■ ACTIVITY
In the reply, give back exactly the lines from the one with "Orion Surfboards Menace" through the last line of the records, without pictures.
___ RECORDS FOR PROCESSING ___
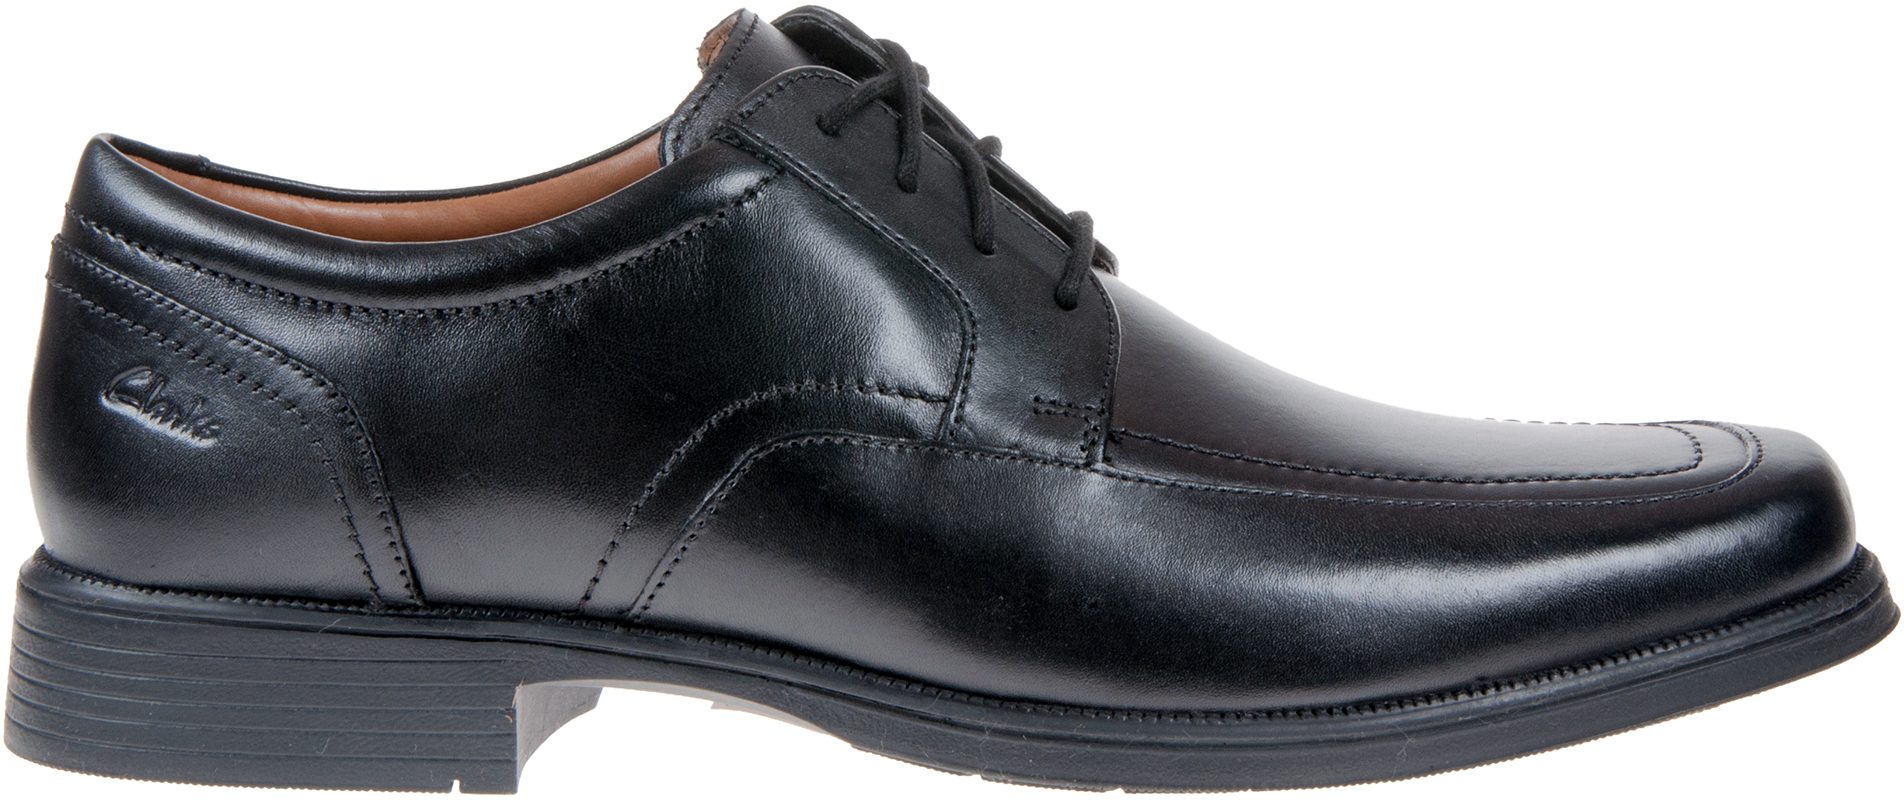 Clarks Huckley Spring Black Leather 26107249 - Formal Shoes - Humphries ...
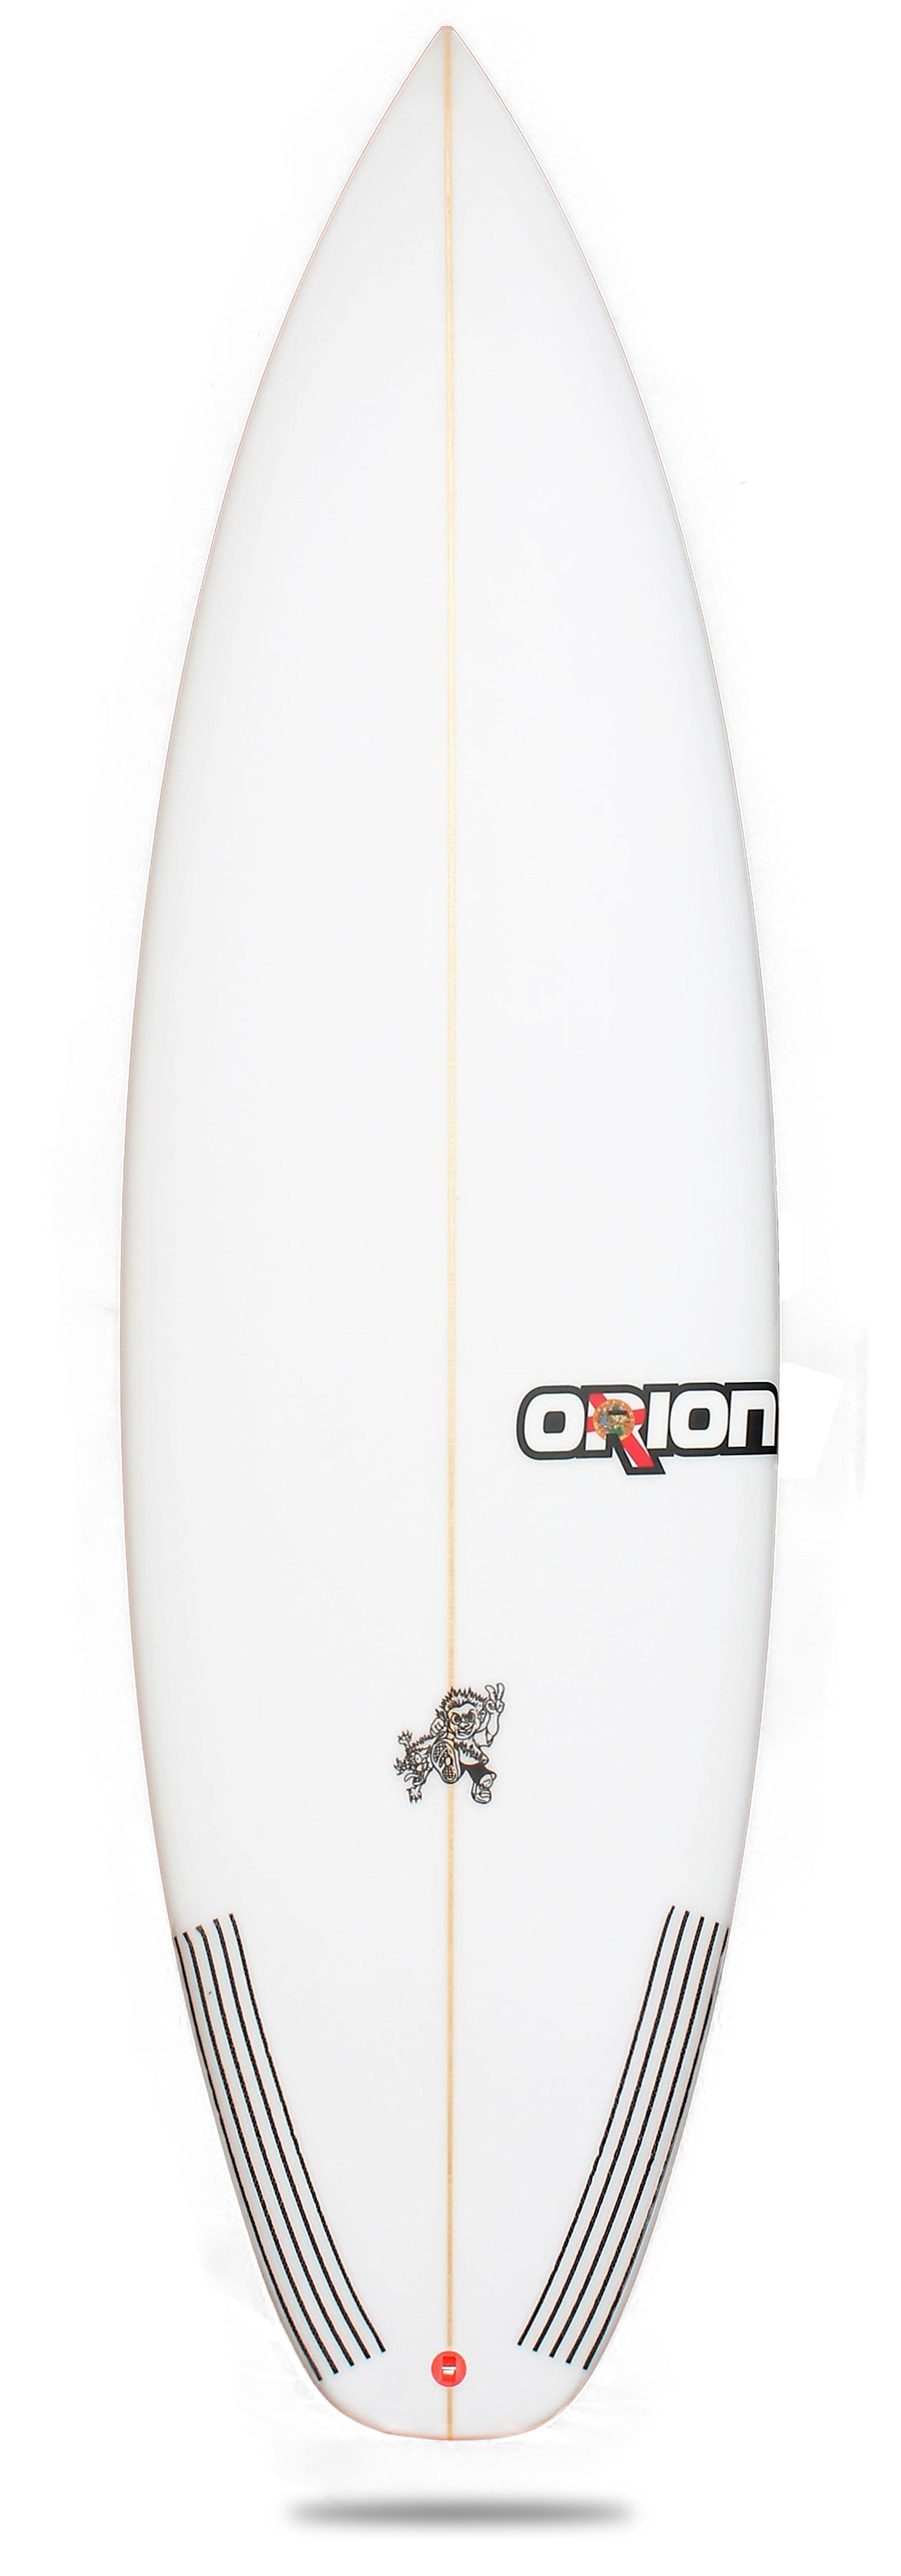 Orion Surfboards Menace 2 Tri-Fin FCS2 5ft10in
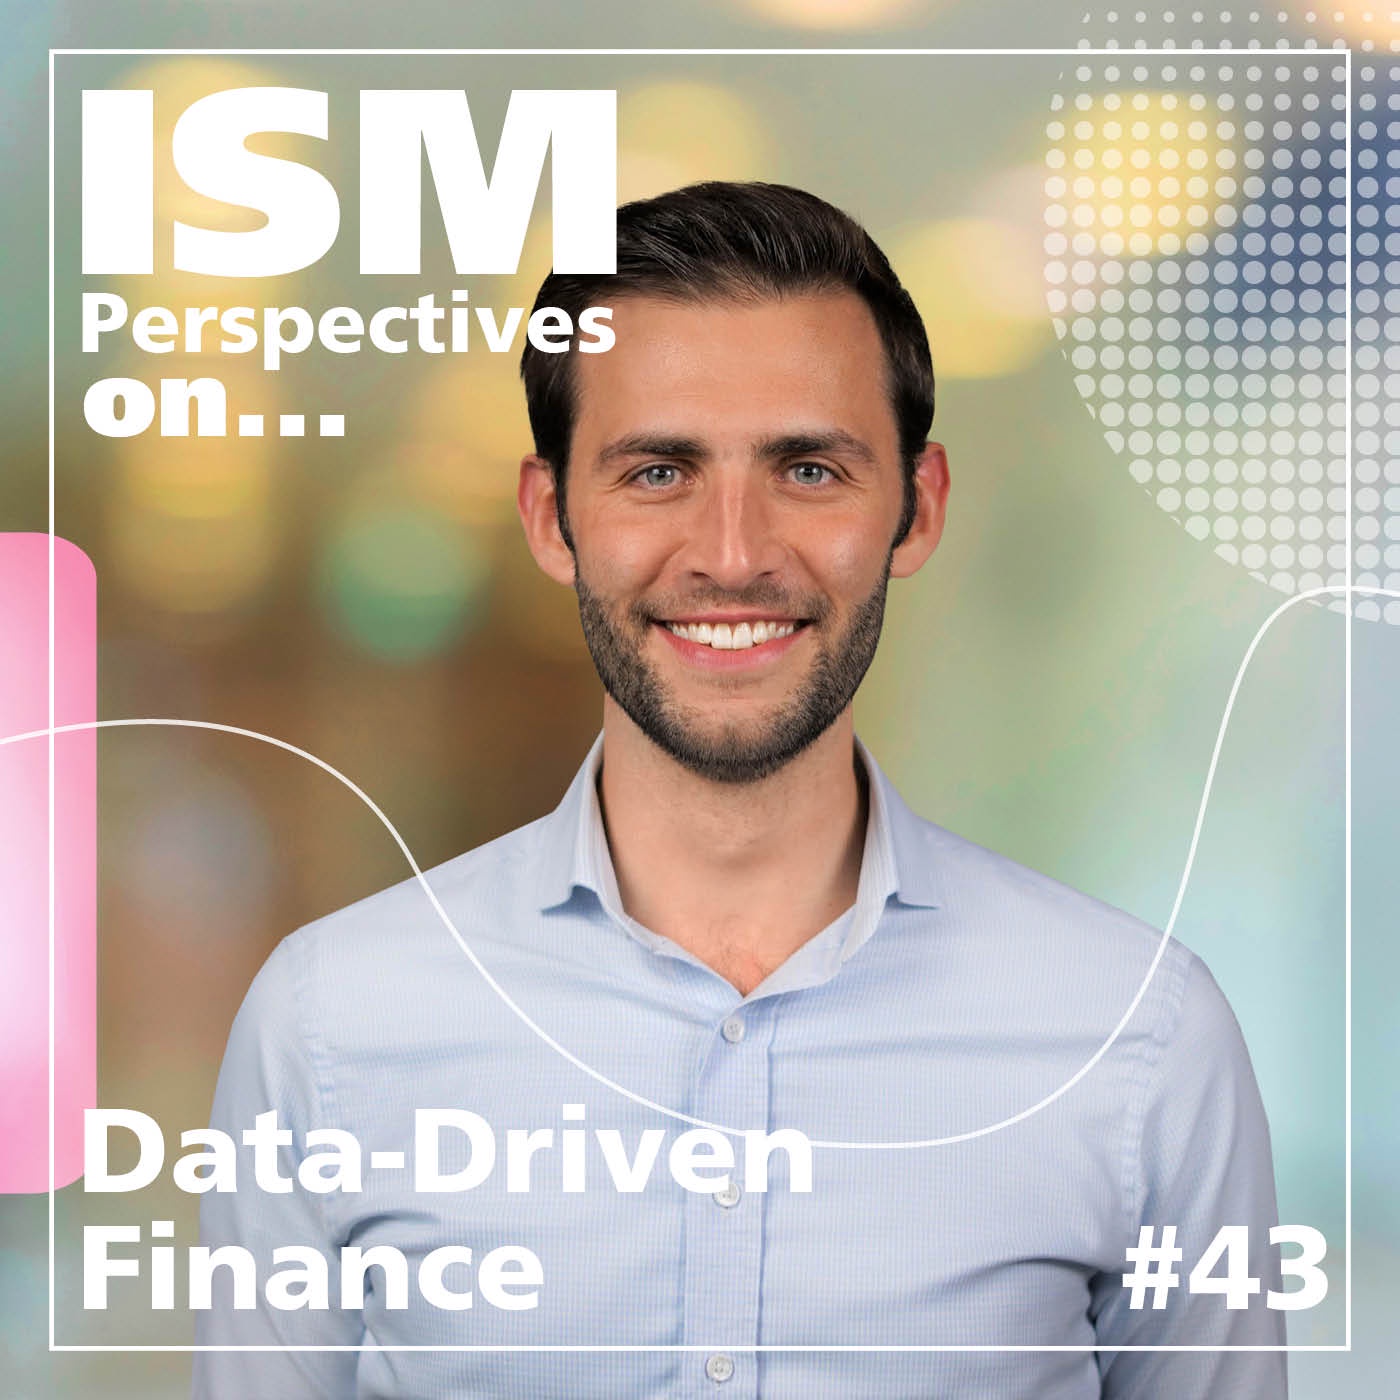 Perspectives on: Data-Driven Finance
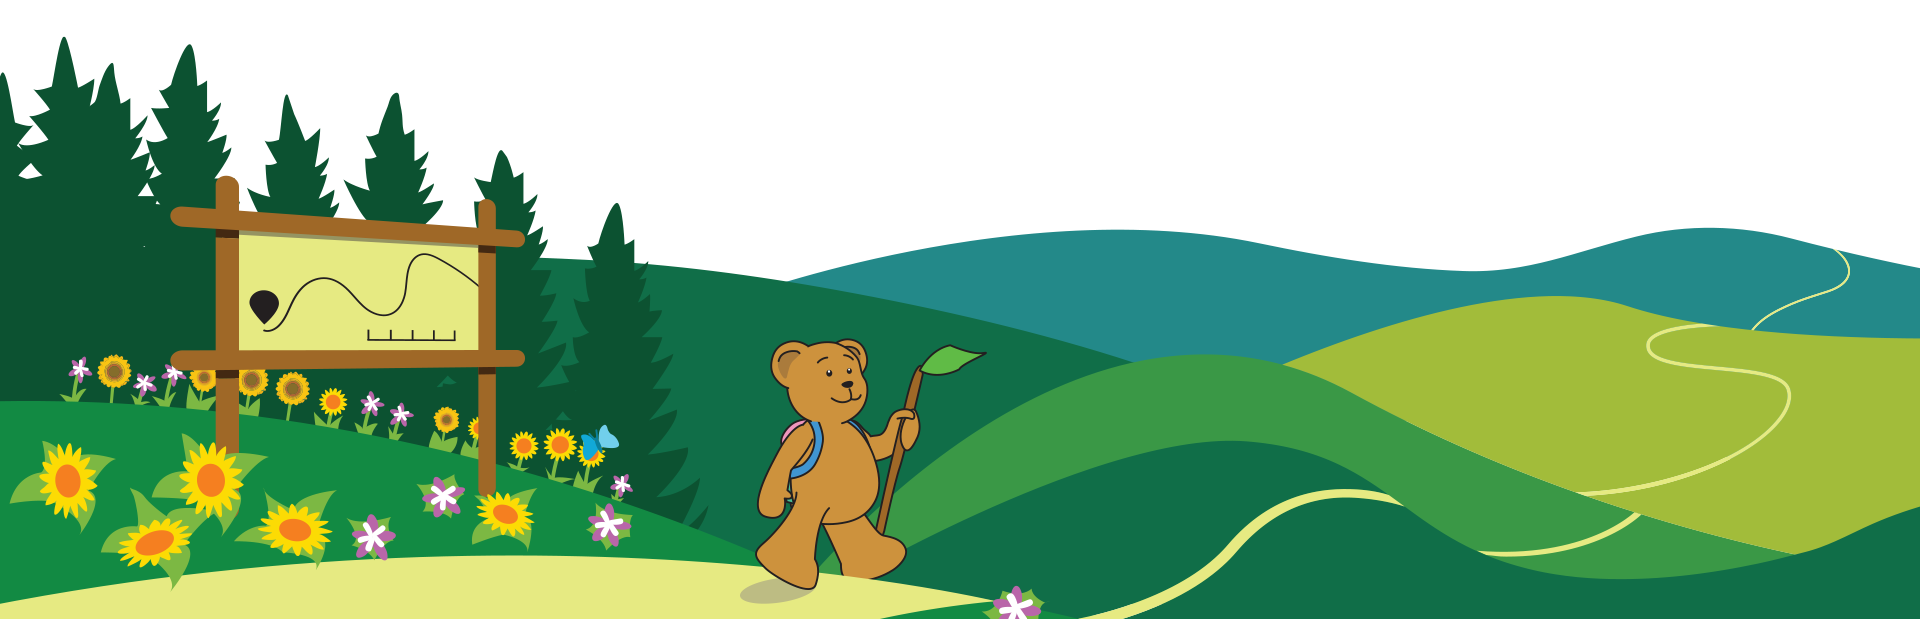 Backpack Bear at the beginning of a journey
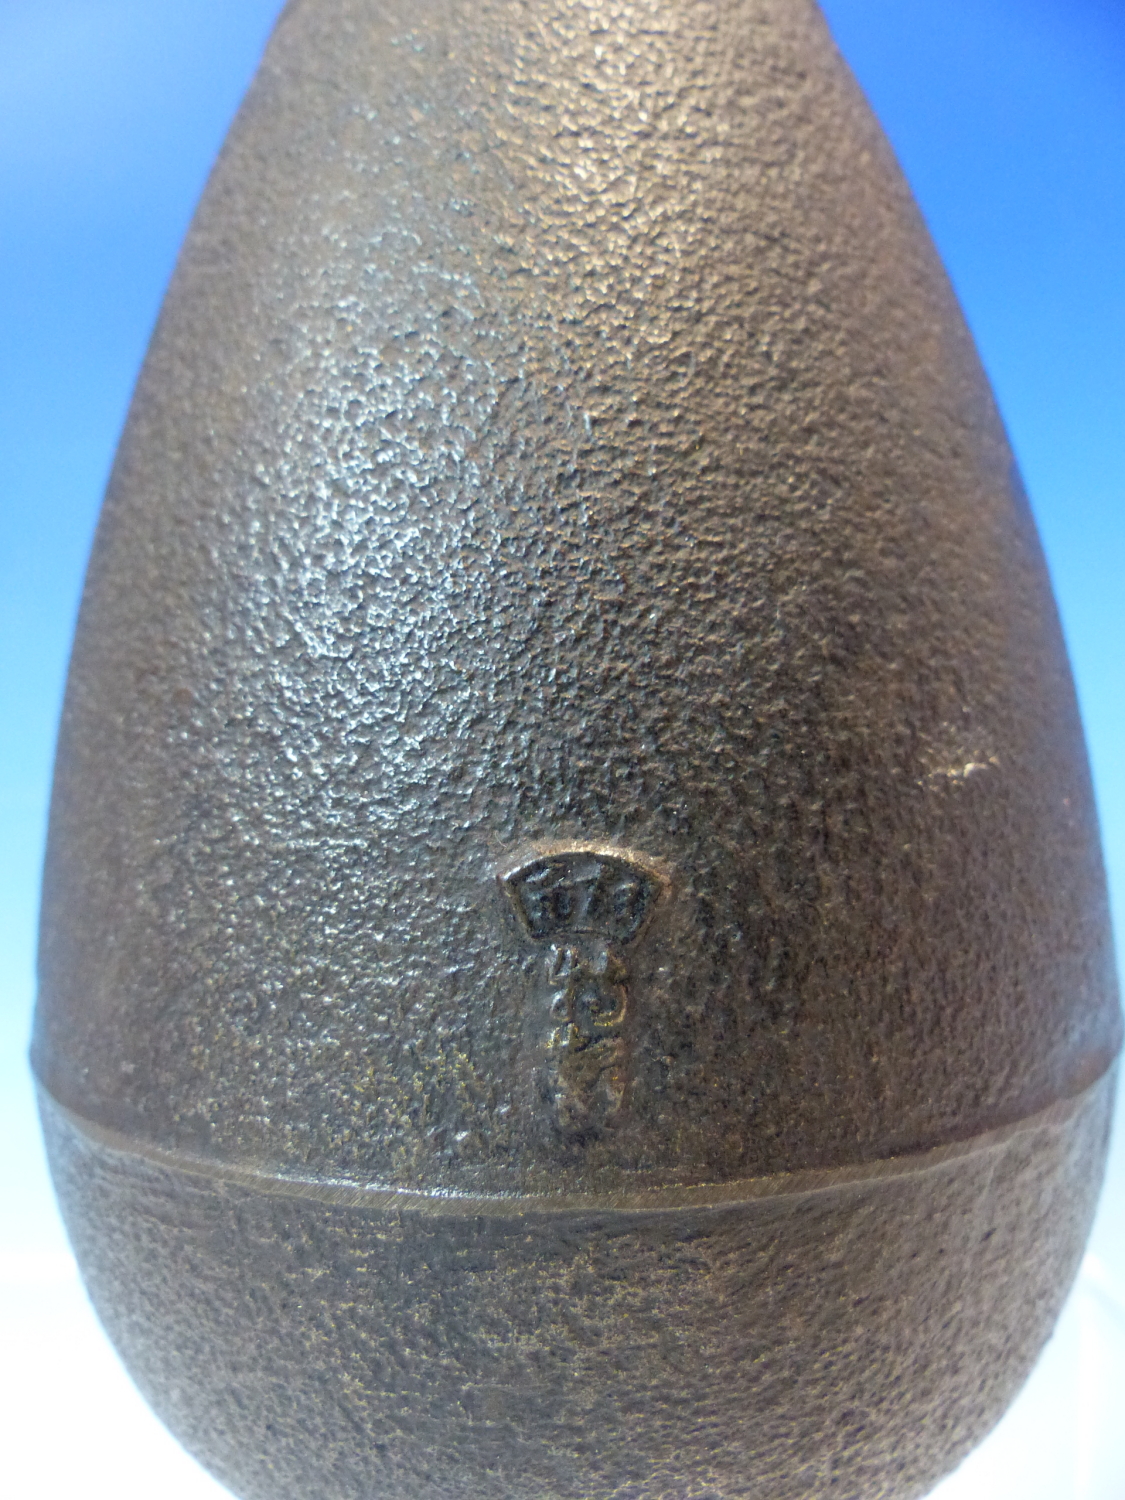 A JAPANESE CAST IRON VASE OF OVOID FORM WITH SCRIPT DECORATION AND SIGNITURE SEAL. 13CM HIGH - Image 8 of 9
___
■ ANSWER SPACE
 Orion Surfboards Menace 2 Tri-Fin FCS2 5ft10in
 Perspectives on: Data-Driven Finance
 Backpack Bear at the beginning of a journey
 A JAPANESE CAST IRON VASE OF OVOID FORM WITH SCRIPT DECORATION AND SIGNITURE SEAL. 13CM HIGH - Image 8 of 9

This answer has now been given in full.